3.3.3.1.1. Generic functions

Another point to note is that because types have to be explicitly defined in C, it is generally not possible to implement some generic functions in C without eliminating type safety. A classic example is a function to return the maximum value of two values:

int max_int(int a, int b)
{
    if(a > b)
        return a;
    return b;
}

int max_float(float a, float b)
{
    if(a > b)
        return a;
    return b;
}

/* repeat for all types for which you want to find the maximum */

Typically, in C, this particular case would be handled with a macro:

#define max(a, b) ((a) > (b) ? (a) : (b))

int x = 5;
int y = 4;
int res = max(x, y);

(The ternary operator ?: returns the term before the : if the term before the ? is true and the term after the : otherwise.)

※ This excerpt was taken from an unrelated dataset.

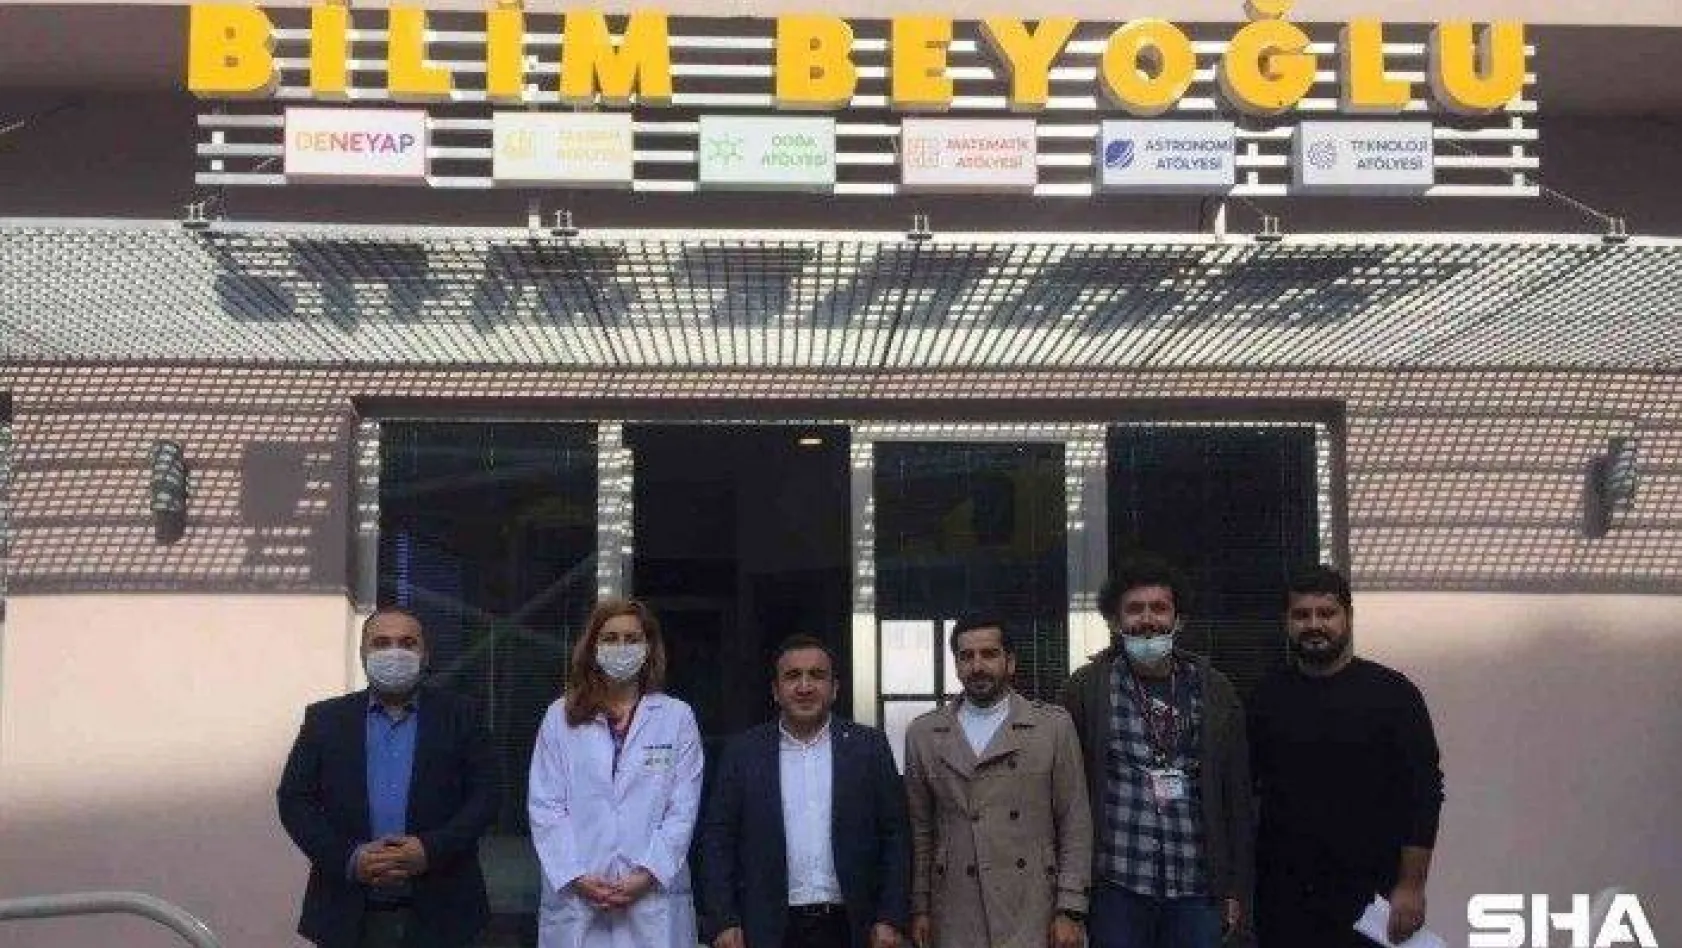 T3 Vakfı'ndan Bilim Beyoğlu'na ziyaret

However, macros provide no type safety, such that it’s e.g. possible to mix the types of “a” and “b” in the above without warning. (Macros also have other issues; if, for example, an expression with side effects such as “x++” was passed to the above “max” macro, then x could be incremented twice.)

Other languages may attempt to improve on the above points. It should be noted that there is no silver bullet, i.e. even with static, strong typing it can be argued that no language is categorically better than all other languages.